He had dropped on his knees beside her chair—he could do such things gracefully—and his lips were pressed on the back of her hand, on her wrist, on her soft forearm.

“Don’t, Frank, I——”

“Claudia, I worship you” he said recklessly. “You must know it. Don’t keep me at arm’s length any longer. You are driving me mad by your coldness. I can’t paint, I can’t sleep.... I can only think of you as you might be if you would let yourself love me.”

They had both risen to their feet, and he slipped his arm persuasively round her shoulders. His nearness seemed to deprive her of any will or any desire to repulse him. Love is sweet, and his evident sincerity and passion seemed to soothe some aching wound within her. Was not this what she needed to make her life tolerable? Every woman is entitled to love, and her marriage had been a mistake. Perhaps, if she had known all she knew now and she had met Frank earlier....
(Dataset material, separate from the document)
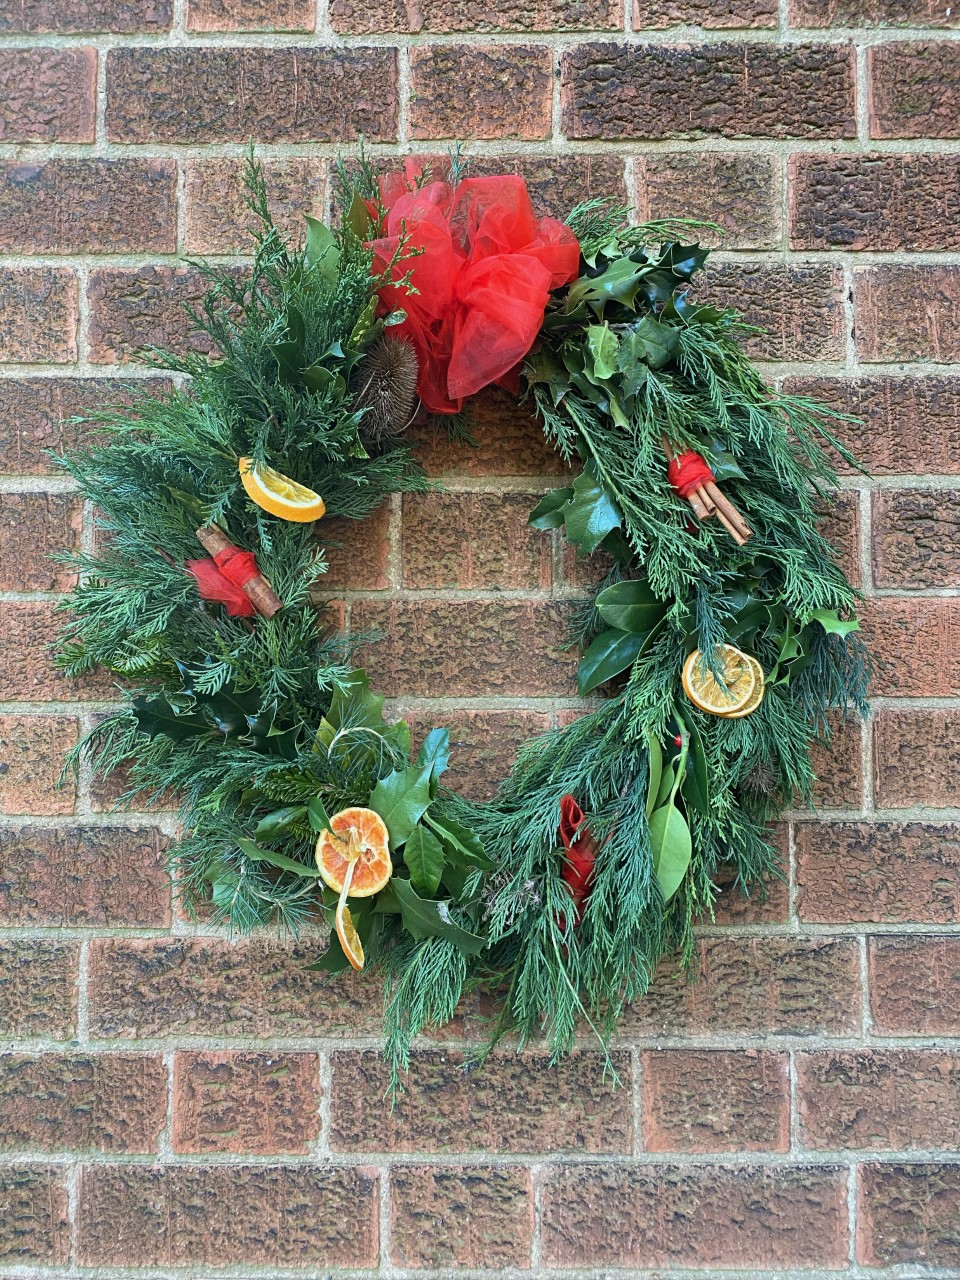 A Christmas wreath
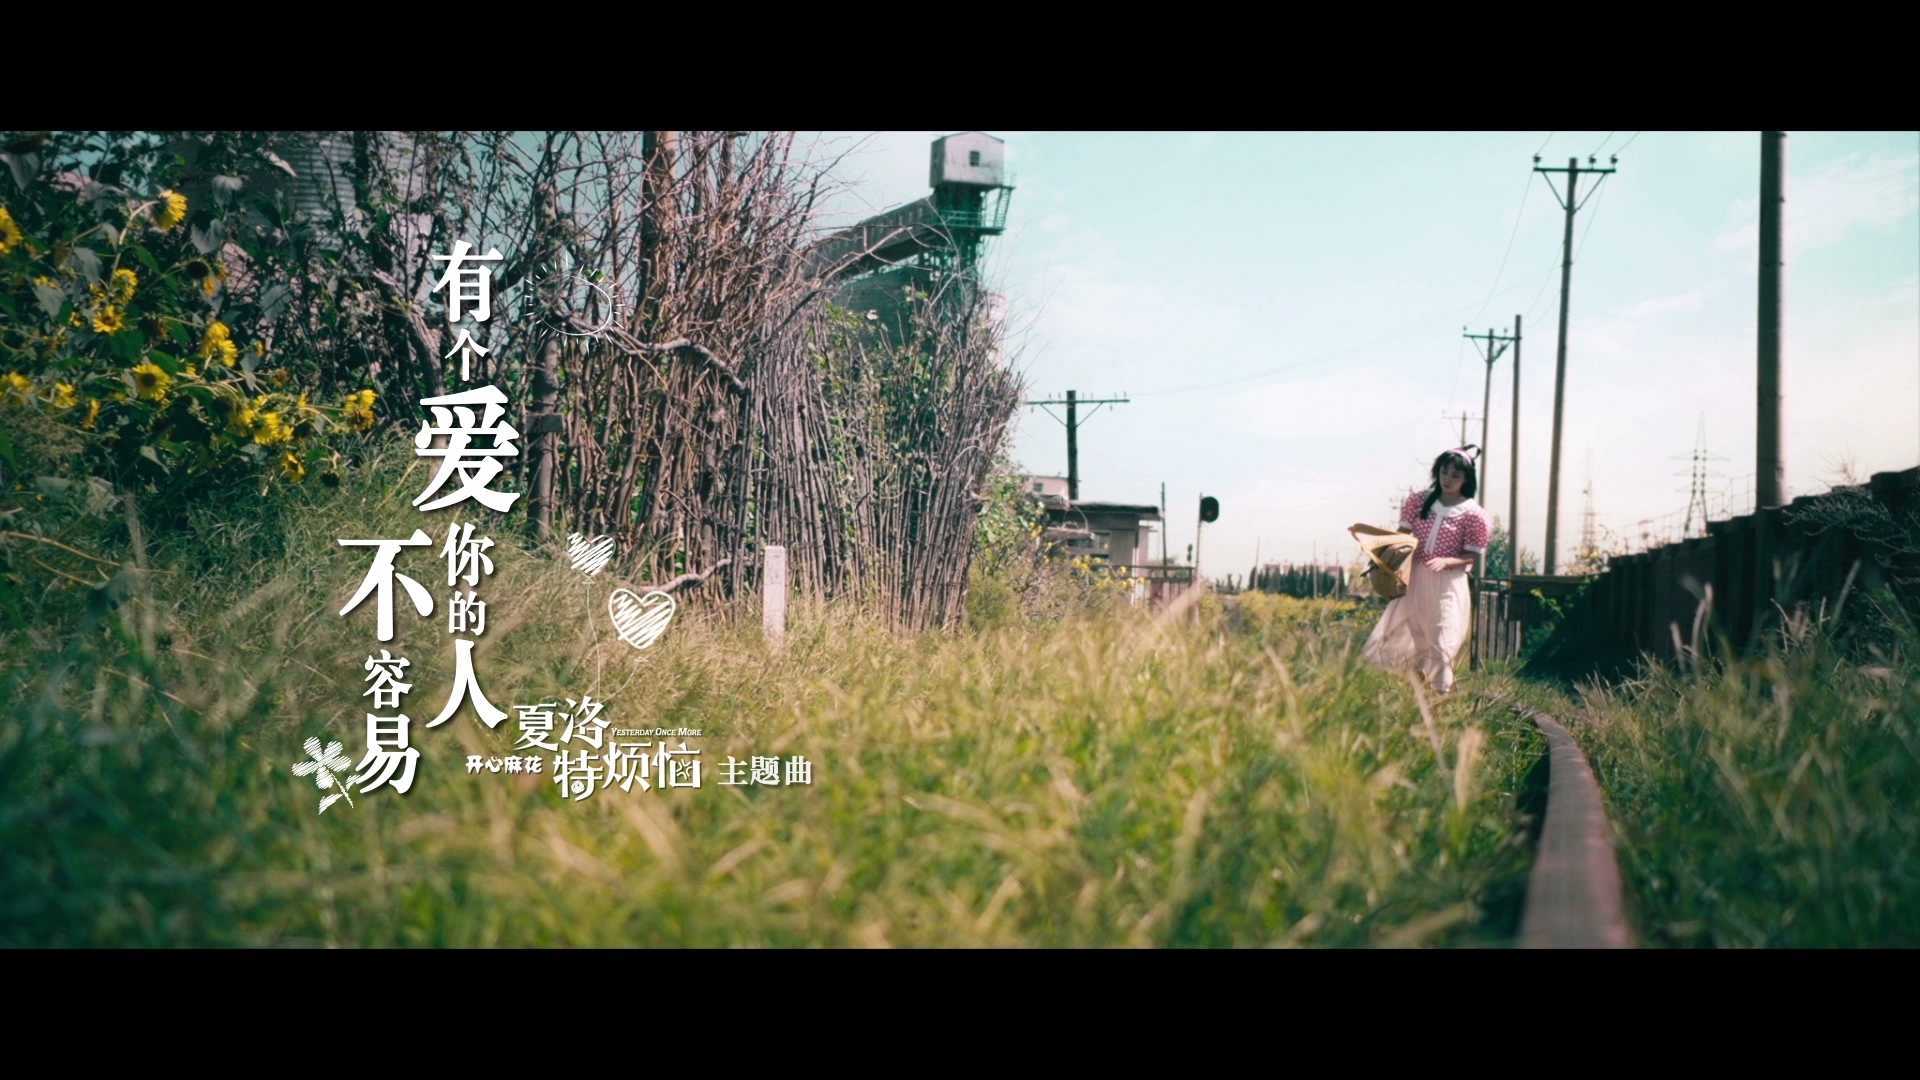 歌曲《有个爱你的人不容易》MV  电影《夏洛特烦恼》主题曲

“Claudia, my dearest, say something to me.”

He drew her unresistingly to him, and the lids drooped over her eyes as she felt the warmth of his breath on her face and then the pressure of his lips.

There was none of the fierce masculinity and violence of Gilbert’s early love-making. Frank Hamilton was too much of an artist for that, and it was not the first time he had made love to a fastidious, sensitive woman. He gave her just the right impression, just the assurance she needed at that moment of tender affection and almost reverent passion. Had he been more virile in his love-making, memory would have awakened, and with her later knowledge she would have repulsed him. She would have said to herself, “This is passion, only passion, and I know what a little it means.” Suspicion would have plucked at her sleeve. But Frank struck the right note, partly by instinct, partly by design.

When at last she made a faint resistance to the pressure of his arms, he slowly let her go, only to catch her hands and cover them again with kisses. She looked down at the waves of his dark hair, worn a little longer than is usual, but not noticeably “artistic,” and she felt sure that she cared for him. He had given a grateful warmth to her heart. A glow of tenderness rose in her for him.

“I think you are foolish to care so much for me,” she said softly.